The value is in the accumulated understanding that the system has developed about how you work and not just features anymore. This understanding becomes a moat that’s extremely difficult for competitors to replicate.
What Gets Automated
The boundary between what users do manually and what gets automated shifts dramatically in agentic systems. Instead of automating predefined workflows, the system learns to automate whatever the user finds tedious or repetitive.
Your calendar app learns your scheduling preferences and starts automatically finding optimal times based on your energy levels, travel patterns, and work priorities. Your project management tool learns to predict which projects are at risk and suggests interventions before problems become critical.
The automation is learned. This makes it much more flexible and personalized than traditional workflow automation, but also more unpredictable and harder to understand.
The Design Challenge
Using Perplexity's Browser "Comet" to figure out what this complicated software actually costs (source)
Designing agentic experiences requires thinking about user interface design completely differently. Instead of designing screens and flows, you’re designing relationships and trust-building mechanisms.

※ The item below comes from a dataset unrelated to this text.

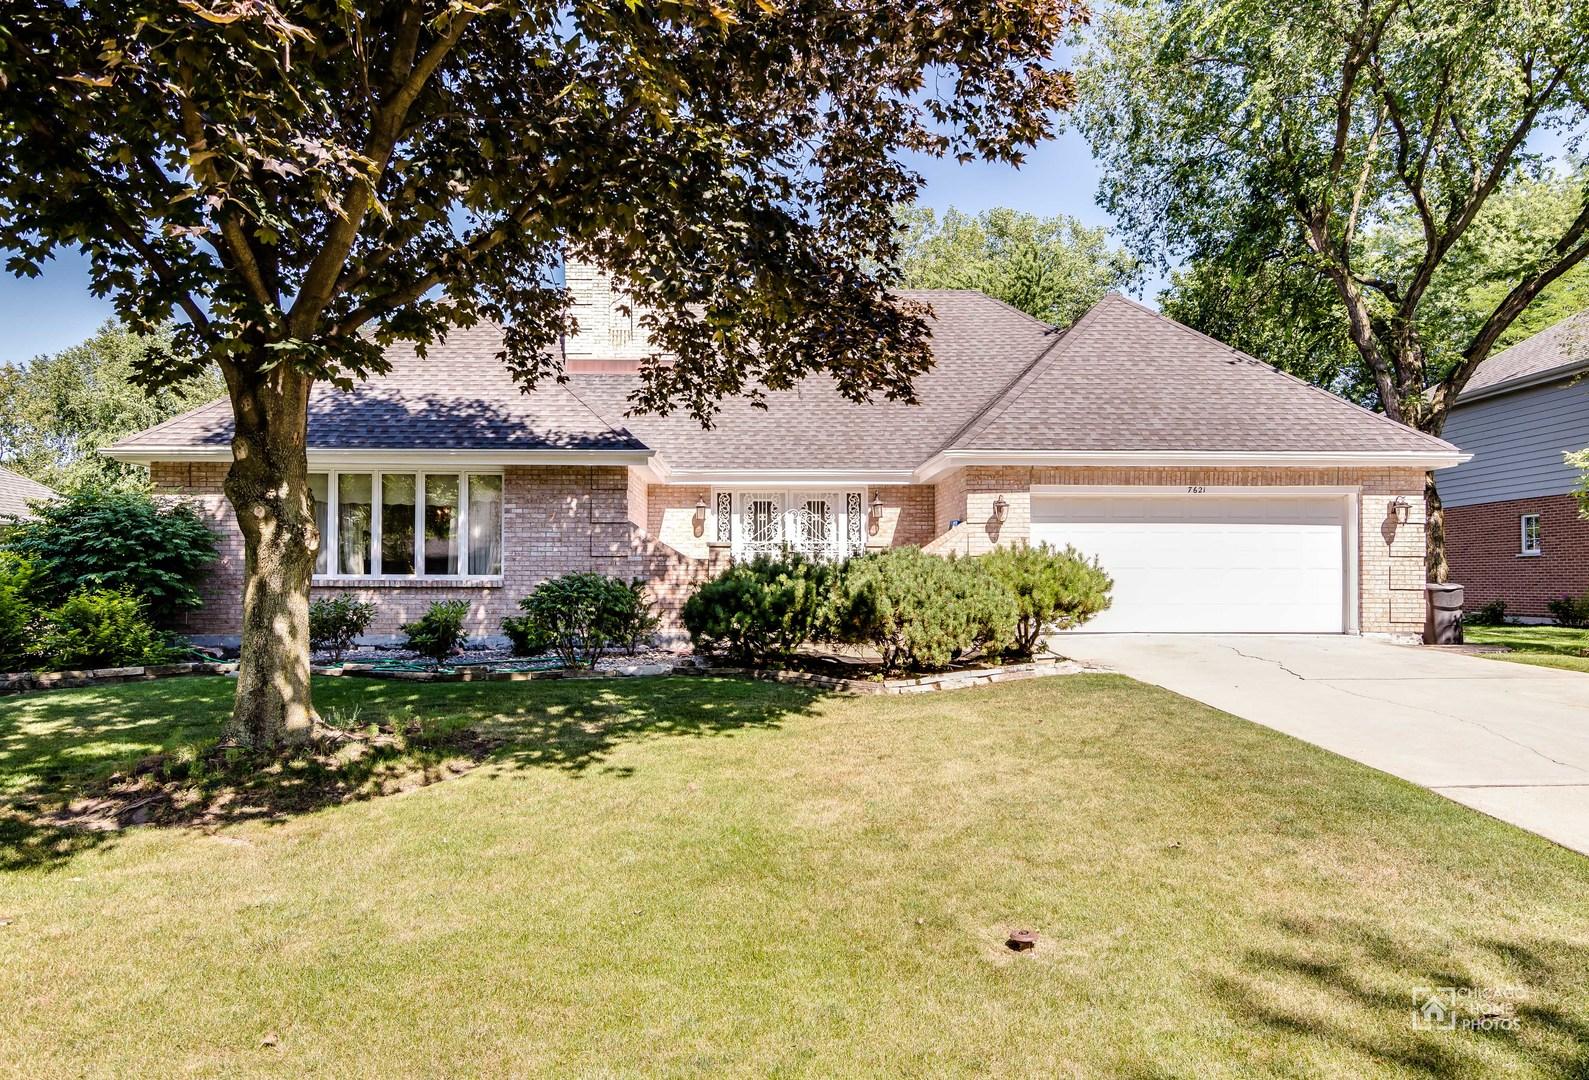 7621 Ridgewood Lane, Burr Ridge in Cook County, IL 60527 Home for Sale

The challenge is creating systems that are powerful enough to be truly helpful but transparent enough that users understand what’s happening. Users need to feel in control even when they’re delegating authority to the system.
This requires new design patterns that don’t exist in traditional UX. How do you design an interface that adapts to each user’s mental model? How do you visualize an agent’s confidence level in its recommendations? How do you let users correct the system’s understanding without breaking the overall experience? How do you use copy (tone, length etc) as one of the fundamental building blocks of AX?
Why This Matters
The companies that figure out agentic experience first will have an enormous advantage because users who experience true AI partnership can’t go back to dumb tools. Once your email app understands your communication style and can draft responses for you, using regular email feels broken.
This creates a winner-take-all dynamic in many software categories. The first company to build truly agentic experience in a category get customers who become extremely difficult to switch away from. We're helping companies become agentic at LCA and it's been pretty eye-opening to see what categories there are opportunities in.
We’re still in the early stages of this transition. Most “AI-powered” software today is just traditional tools with chatbots bolted on. True agentic experience requires rethinking the fundamental architecture of how software works, not just adding AI features to existing interfaces.
The shift is inevitable because the technology now exists to build software that actually understands users rather than just executing their commands. The only question is which companies will recognize this opportunity and build accordingly.
Users will stop tolerating software that makes them repeat themselves once they experience systems that actually remember and learn. The future belongs to software that becomes more valuable the more you use it, not because of network effects with other users, but because of the relationship it builds with you.
Note to self: will try this. Probably could automate this with an agent that delivers you the news twice a day based on preference. There's a startup idea somewhere in there ;).